23 novembre 2020

Réactions du CDAS d'Avon concernant la conférence vidéo sur les Subsistances

A M. Vallier, Journaliste à la République de Seine et Marne


Nous avons fait une synthèse :




Vous constaterez que la situation est encore pire.

Notre analyse est simple de cette conférence vidéo un peu confidentielle, qui n'est pas une vraie réunion publique, c'est qu'elle dénote une absence de vision d'urbanisme, et que les habitants de l'agglomération de Fontainebleau et d'Avon sont totalement exclus de l'opération et des bénéfices qualitatifs que l'on aurait pu attendre de celle-ci, alors que l'agglomération souffre d'une énorme vacance de logements et n'a donc pas besoin de nouveaux habitats.
C'est triste à dire mais le maire semble jouer à "SimCity", sauf que l'on n'est pas dans un jeu virtuel, mais dans une cité royale qui mérite de ne pas être gâchée par le mercantilisme.

Le quartier à créer est totalement déconnecté de la réalité :
- de la réalité de son environnement monumental et paysager, qui aurait du être pris en compte, comme nous le proposions lors de l'enquête par des prescriptions architecturales et paysagères, alors que les présentations graphiques montrent un mépris total pour la Ville d'art et d'histoire de Fontainebleau. C'est un mauvais signe pour le dossier de classement UNESCO des abords du Château que nous ne manquerons pas de signaler à cette organisation internationale. La présentation montre une architecture banale et inadaptée au site que l'on voit partout chez n'importe quel promoteur qui n'a pas sa place ici : il n'y a vraiment aucun effort !
- de la réalité économique, comme le commissaire enquêteur l'avait souligné précédemment, il s'agit purement et simplement de faire du logement alors que le ratio emploi/habitant est mauvais : la banlieuseardisation est en marche
- de la réalité en matière de transports, qui sont saturés
: avec 1203 places, il y a  de quoi s'inquiéter pour Avon. Même le report annoncé sur la RD606 n'est pas crédible, car beaucoup d'usagers se rabattront sur la gare. Quant aux autres services publics, je n'en parle pas plus...

Et il faut le souligner il s'agit d'une première tranche d'un aménagement urbain gigantesque, dont la densité formidable fait craindre le pire sur le plan architectural paysager et avec des effets socio-économiques non mesurés.

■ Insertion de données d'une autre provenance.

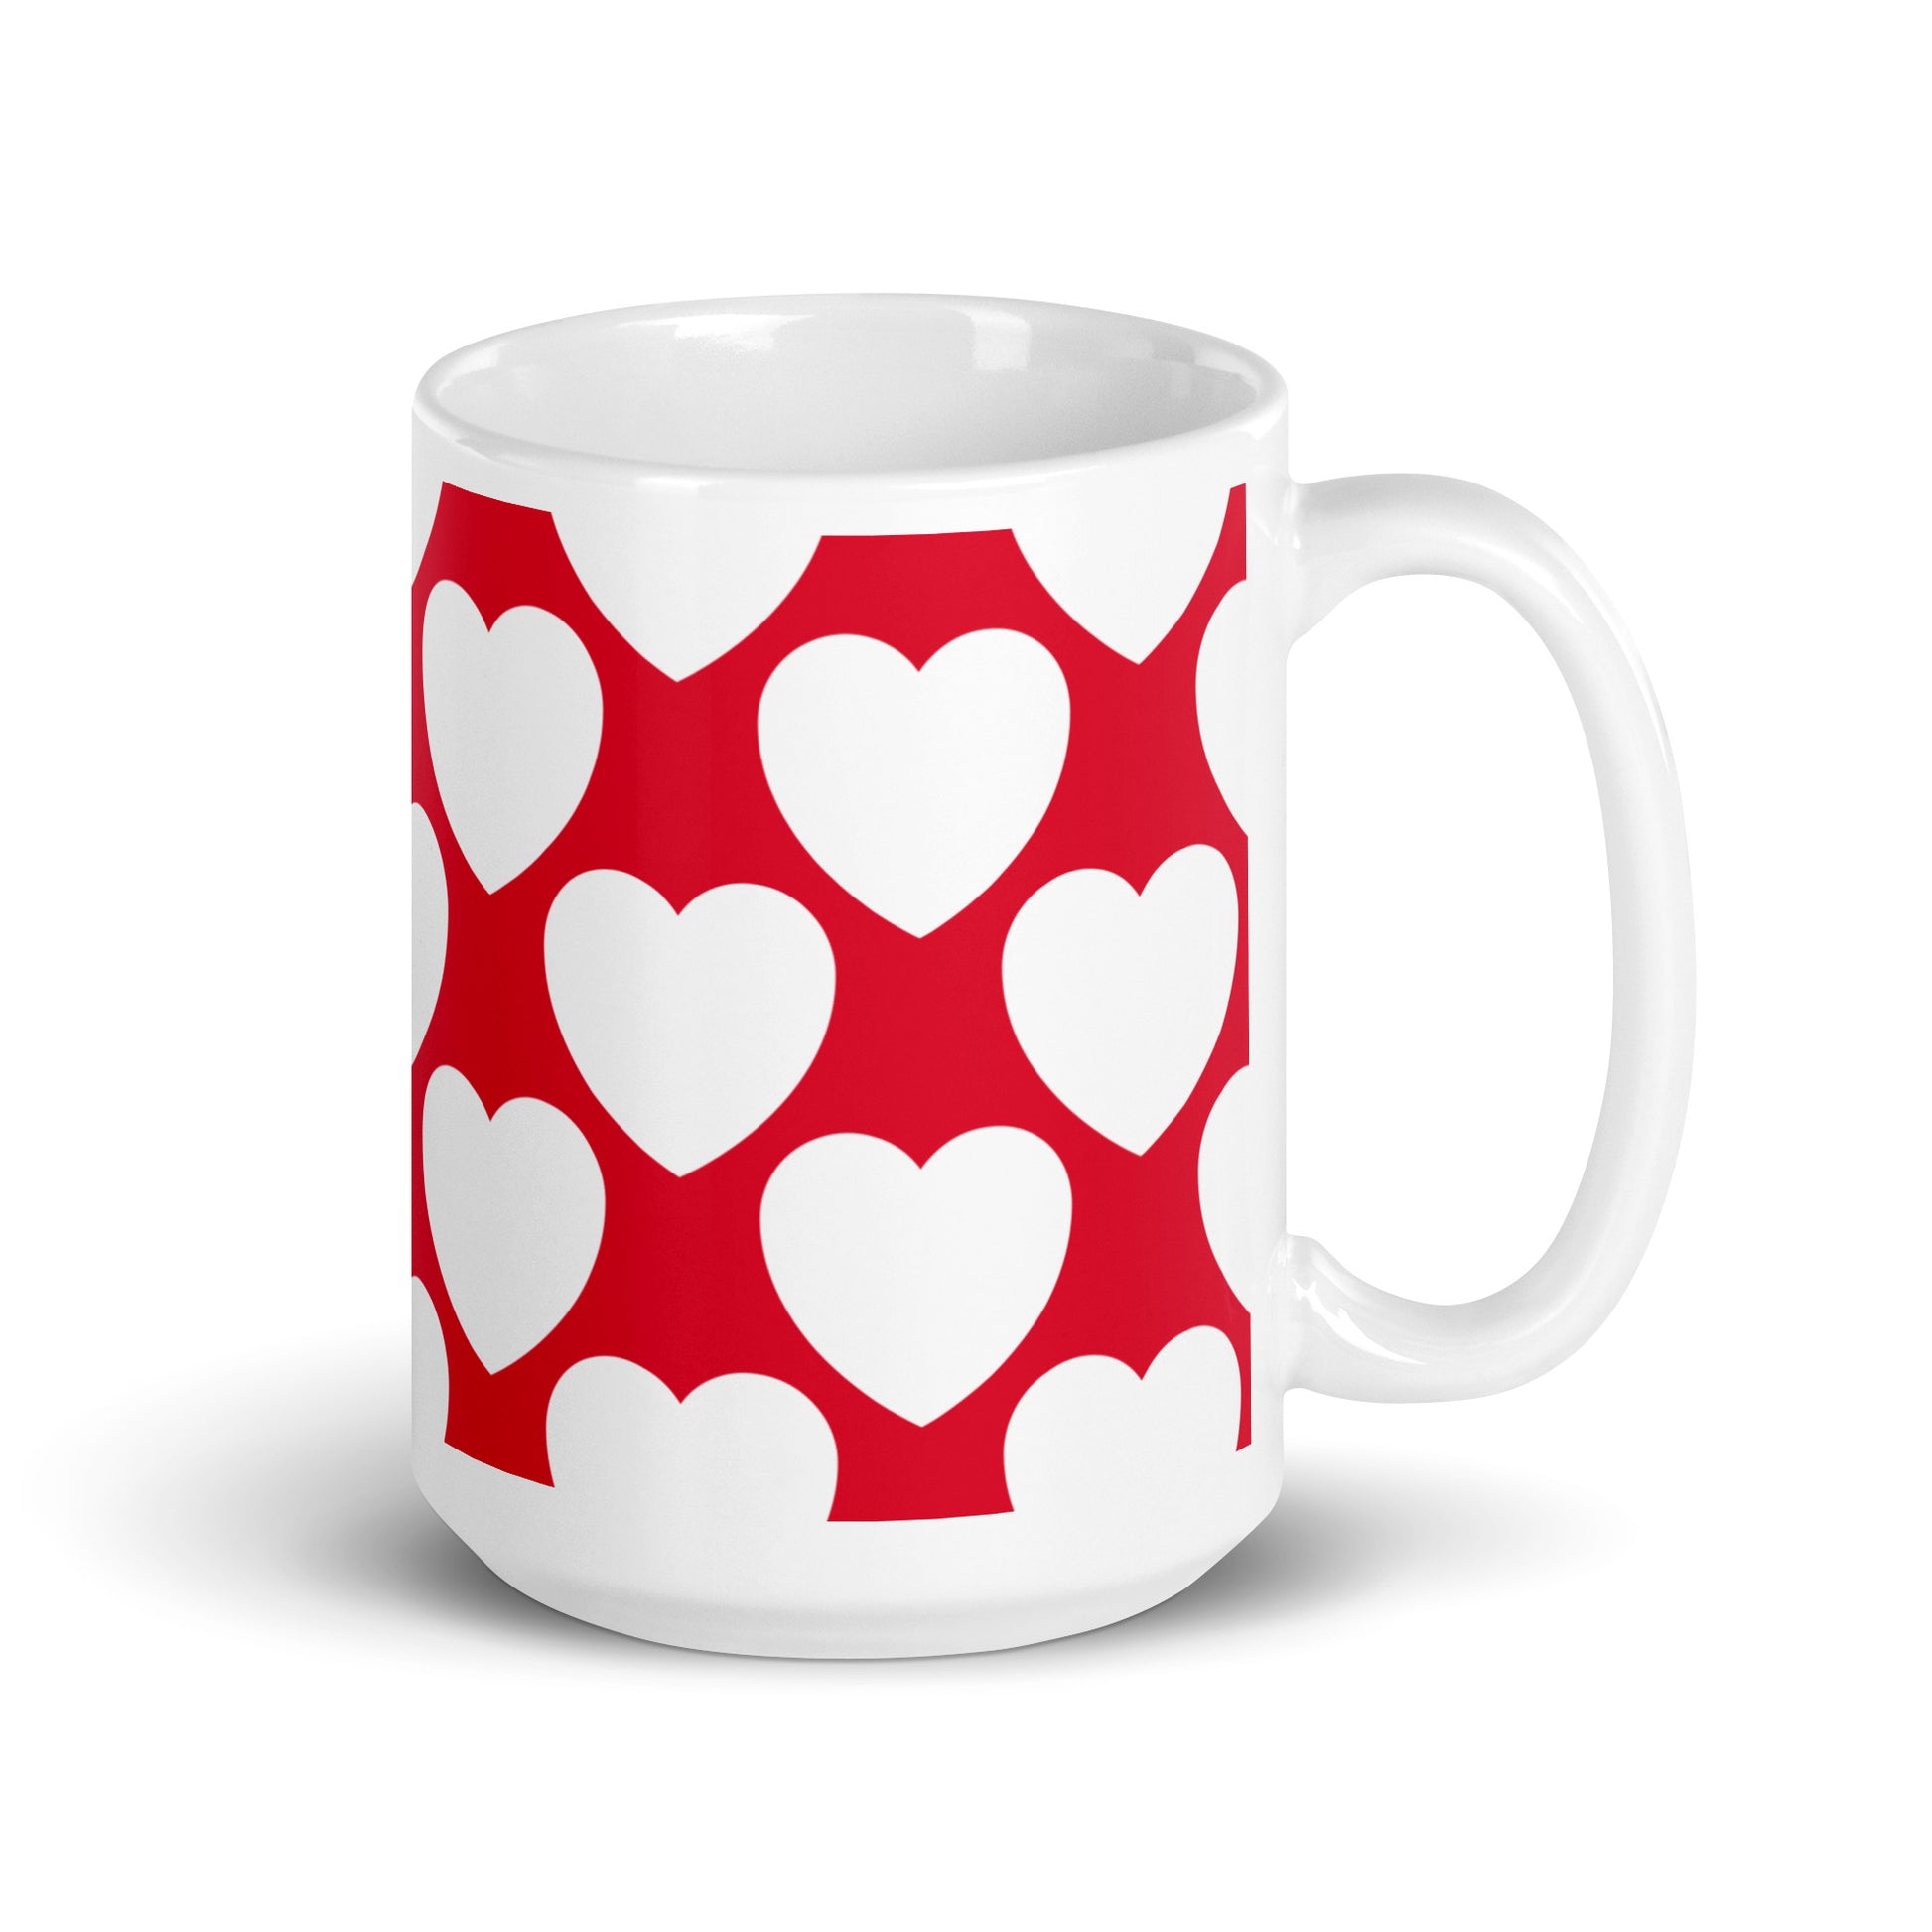 ELLIE LOVE redwhite - Ceramic Mug - SHALMIAK

La communauté d’agglomération comme la commune sont coupables sur ce point de se borner à favoriser la spéculation immobilière, puisqu'en réalité le promoteur cherche unique à amortir le coût de l'acquisition par 110 M de travaux.

La mission régionale de l'autorité environnementale a d'ailleurs souligné qu'elle exigeait une étude sérieuse
qui tienne compte des impacts largement négatifs en matière d’environnement, notamment sur les transports, mais aussi qui soit globale sur l'ensemble des terrains militaires et non avec un saucissonnage, conformément au droit européen. C'était notre souhait et notre demande : elle a été entendue par la préfecture de région : on espère cependant que l'étude sera faite correctement.

En conclusion, le CDAS et Fontainebleau Patrimoine demandent la remise en cause du projet, que l'on reçoivent enfin leurs recommandations concrètes sur l'orientation socio-économique qui doit être viable, l'architecture qui doit être respectueuse, les paysages qui sont à protéger, et les transports que l'on doit développer avant tout accueil de population nouvelle et qu'ainsi l'on ne crée pas finalement une ville nouvelle déconnectée sans âme qui détruira l'intérêt même de notre cité. Bref, que l'on respecte le caractère de la Ville et l'avenir de ses habitants.

Le CDAS a déposé un recours gracieux samedi 14/11 contre le PLU par recommandé qui a été reçu lundi 16/11, dans les délais légaux.